◆ What to work on ◆
The lines to repeat run from the one containing "Brown rice cleansing foam" through the last line of the records below; repeat them exactly and give nothing more.

*** Material for the task ***

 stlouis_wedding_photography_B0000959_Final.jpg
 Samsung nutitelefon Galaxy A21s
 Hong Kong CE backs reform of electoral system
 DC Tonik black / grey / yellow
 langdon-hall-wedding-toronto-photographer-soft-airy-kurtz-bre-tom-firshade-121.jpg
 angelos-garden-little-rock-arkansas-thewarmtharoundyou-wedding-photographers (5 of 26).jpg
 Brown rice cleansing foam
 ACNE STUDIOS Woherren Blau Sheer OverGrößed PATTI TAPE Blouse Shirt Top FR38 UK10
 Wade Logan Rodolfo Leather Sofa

***

◆ Reply ◆
 Brown rice cleansing foam
 ACNE STUDIOS Woherren Blau Sheer OverGrößed PATTI TAPE Blouse Shirt Top FR38 UK10
 Wade Logan Rodolfo Leather Sofa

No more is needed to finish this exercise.